Jul 12, 2020

Cosmic Cataclysm Allows Precise Test of Einstein’s Theory of General Relativity

Posted by in categories: energy, quantum physics

In 2019, the MAGIC telescopes detected the first Gamma Ray Burst at very high energies. This was the most intense gamma-radiation ever obtained from such a cosmic object. But the GRB data have more to offer: with further analyses, the MAGIC scientists could now confirm that the speed of light is constant in vacuum — and not dependent on energy. So, like many other tests, GRB data also corroborate Einstein’s theory of General Relativity. The study has now been published in Physical Review Letters.

Einstein’s general relativity (GR) is a beautiful theory that explains how mass and energy interact with space-time, creating a phenomenon commonly known as gravity. GR has been tested and retested in various physical situations and over many different scales, and, postulating that the speed of light is constant, it always turned out to outstandingly predict the experimental results. Nevertheless, physicists suspect that GR is not the most fundamental theory, and that there might exist an underlying quantum mechanical description of gravity, referred to as quantum gravity (QG).
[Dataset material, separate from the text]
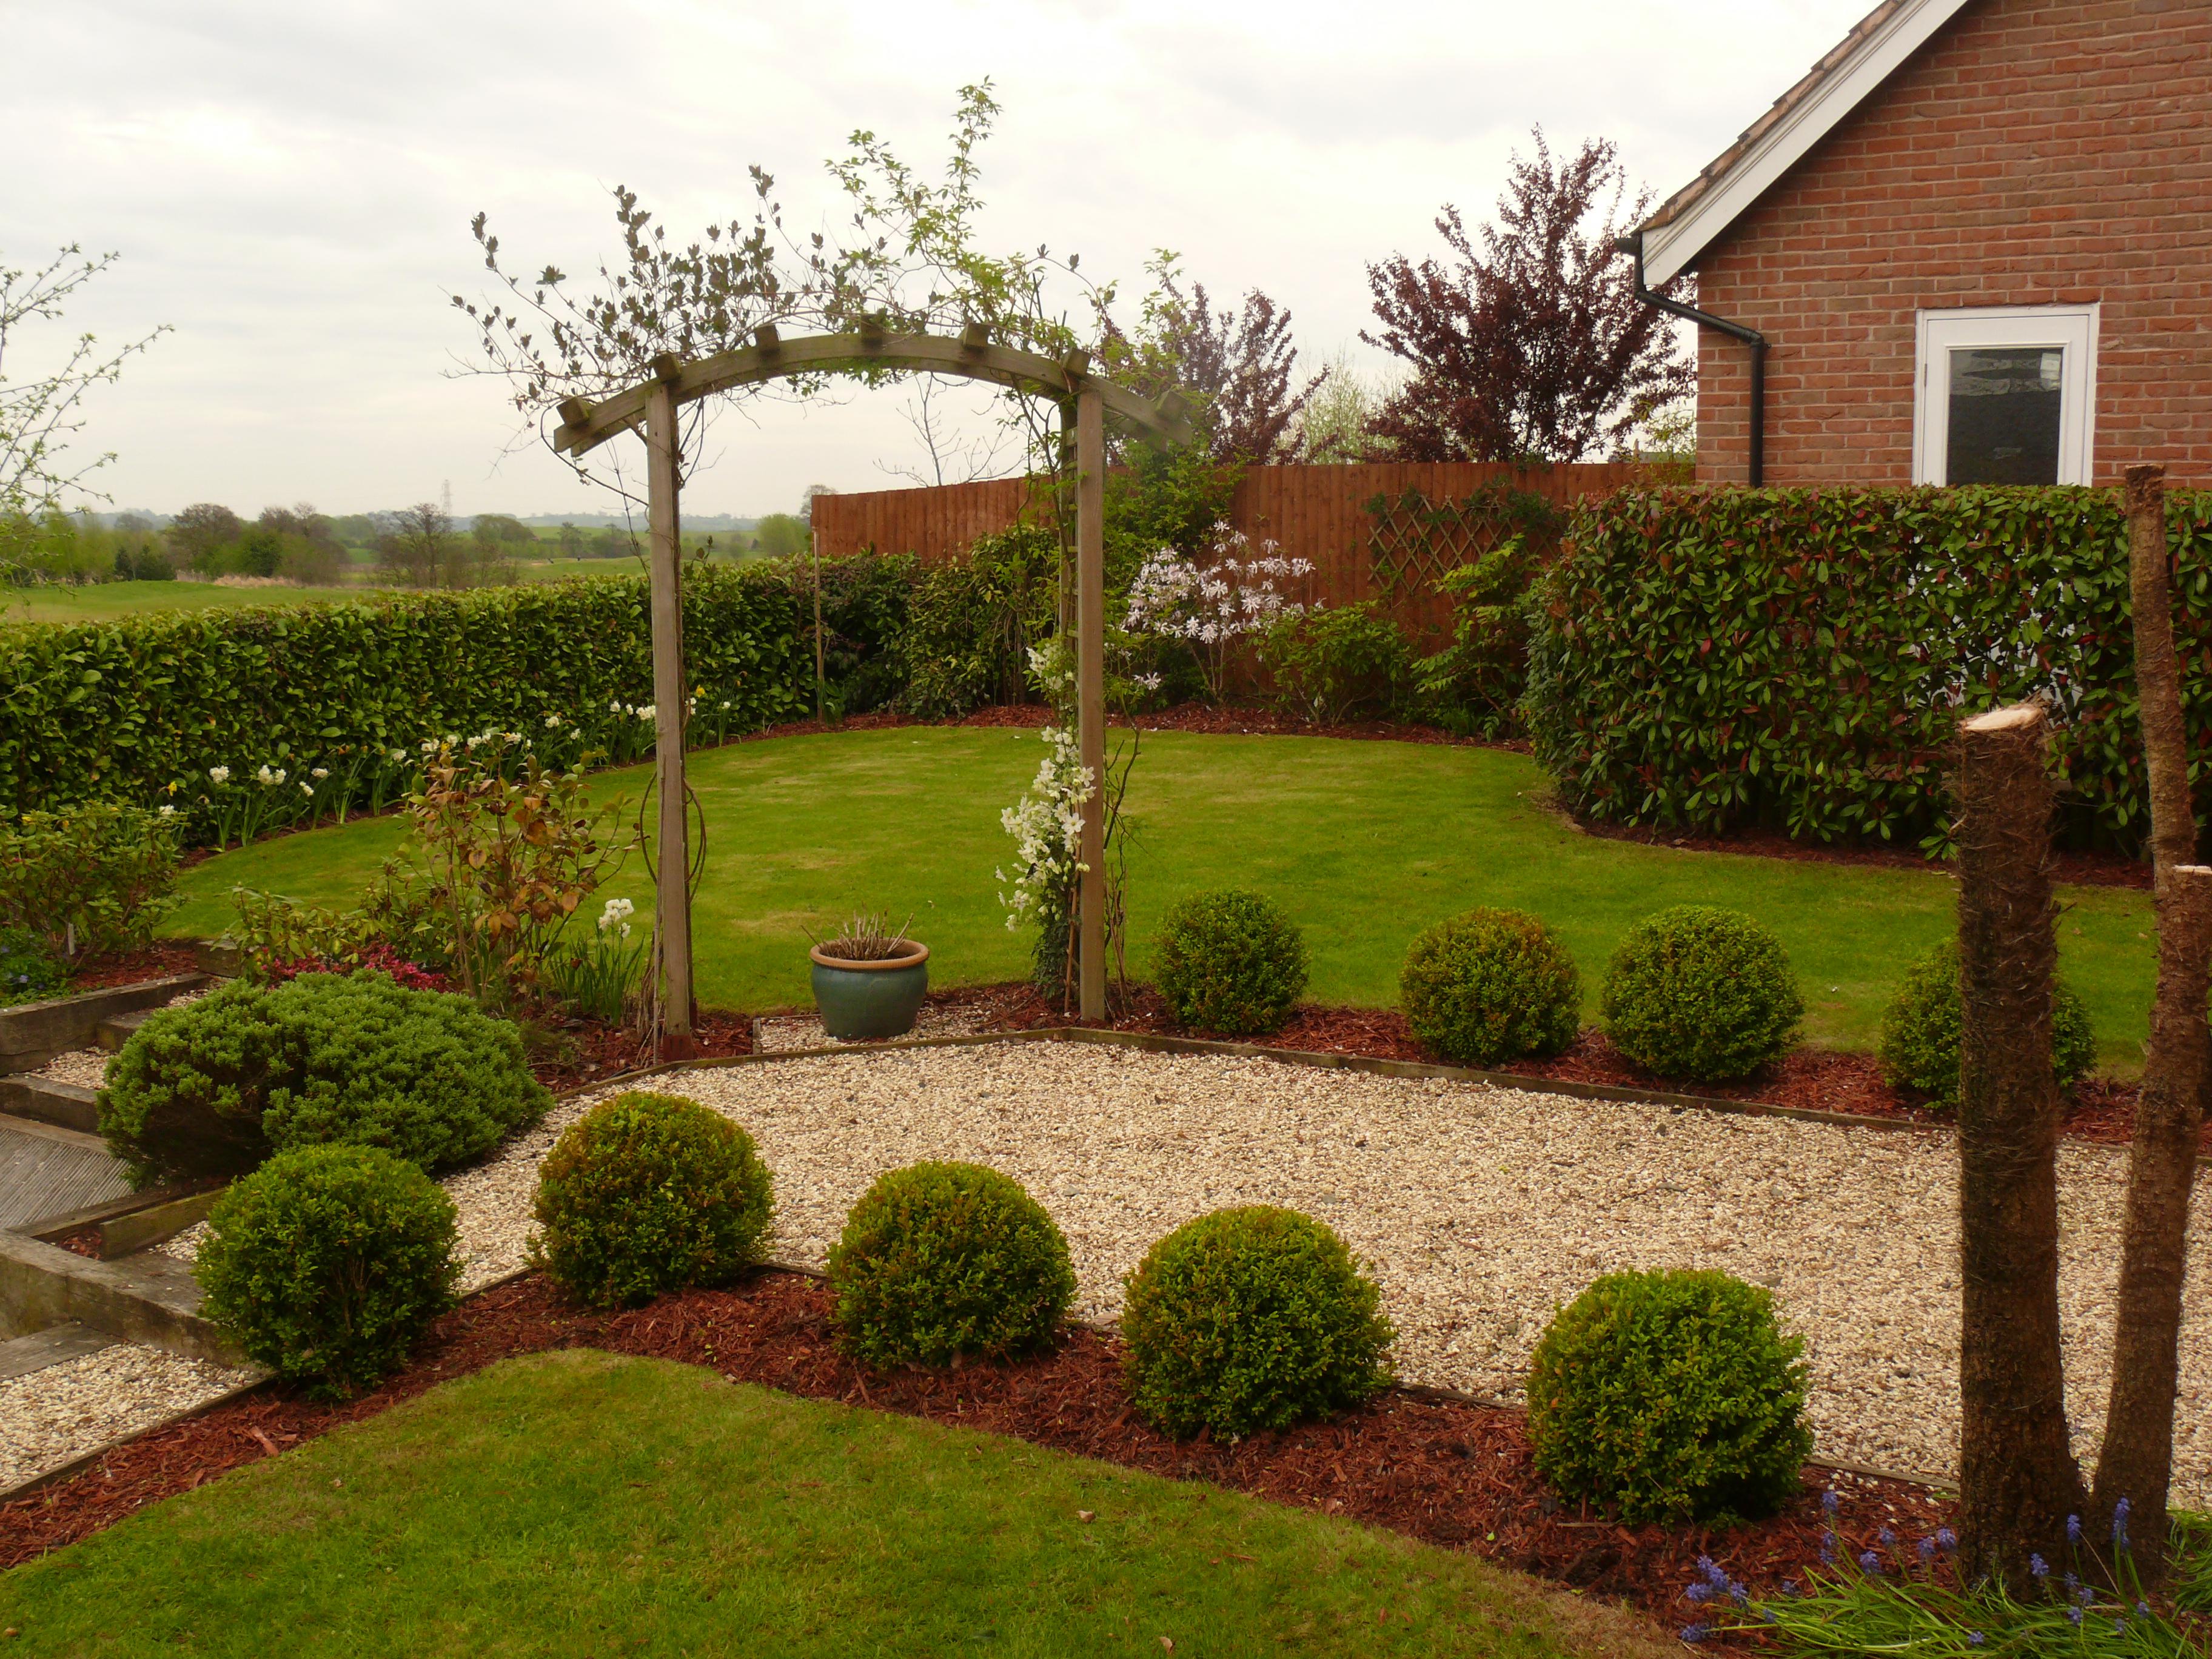 Topiary, Ball, Bark, Border, Gravel, Edging, Lawn Mowing, Wychwood Park Jones 3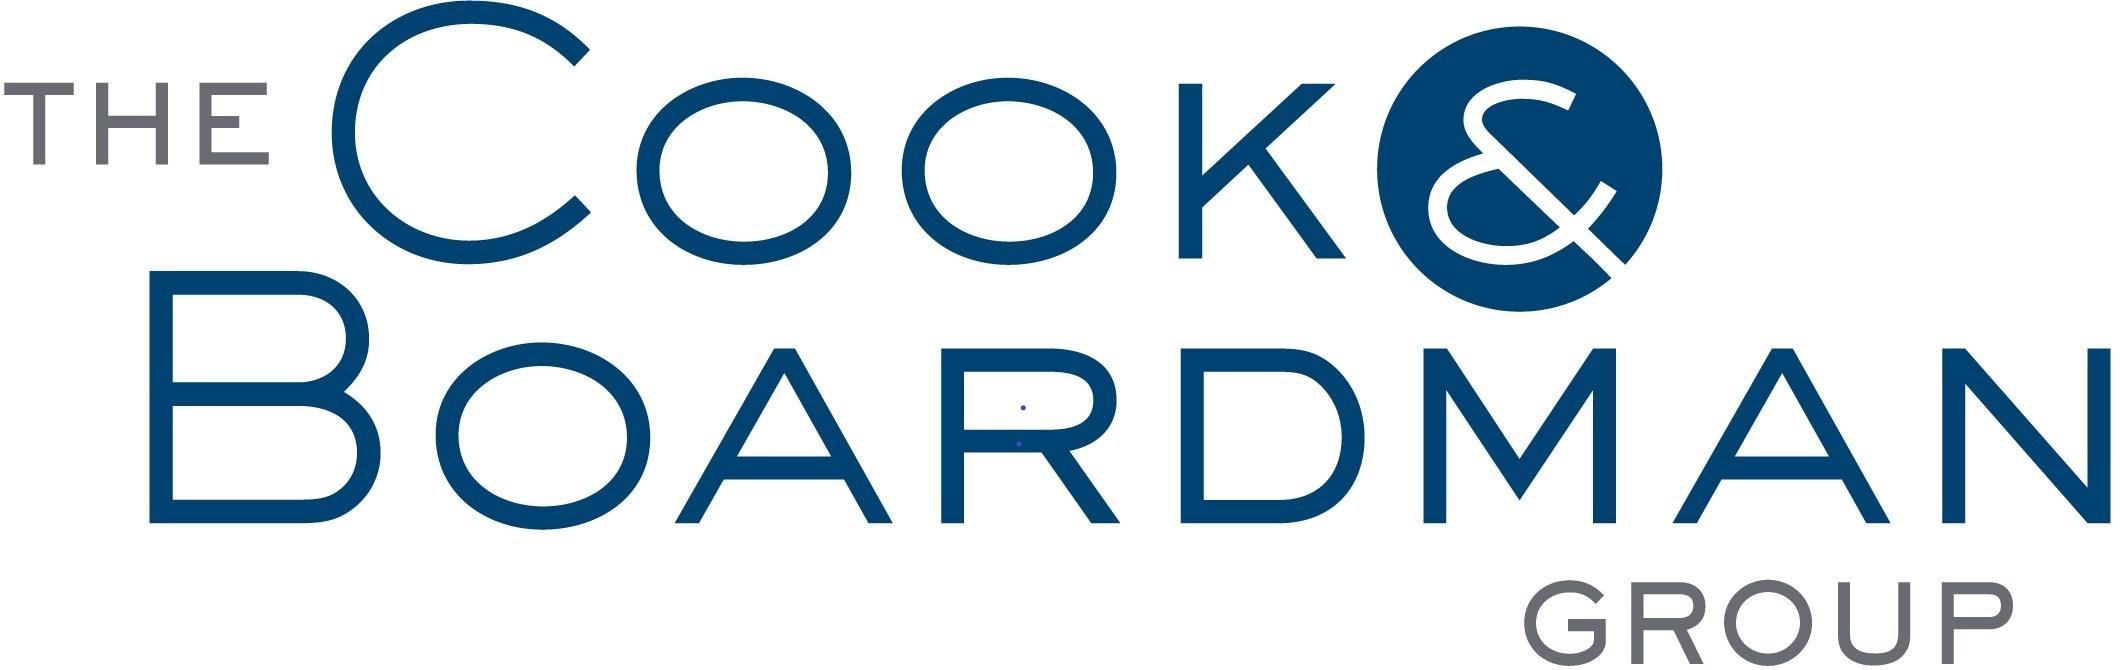 The Cook & Boardman Group logo

Some QG theories consider that the speed of light might be energy dependent. This hypothetical phenomenon is called Lorentz invariance violation (LIV). Its effects are thought to be too tiny to be measured, unless they are accumulated over a very long time. So how to achieve that? One solution is using signals from astronomical sources of gamma rays. Gamma-ray bursts (GRBs) are powerful and far away cosmic explosions, which emit highly variable, extremely energetic signals. They are thus excellent laboratories for experimental tests of QG. The higher energy photons are expected to be more influenced by the QG effects, and there should be plenty of those; these travel billions of years before reaching Earth, which enhances the effect.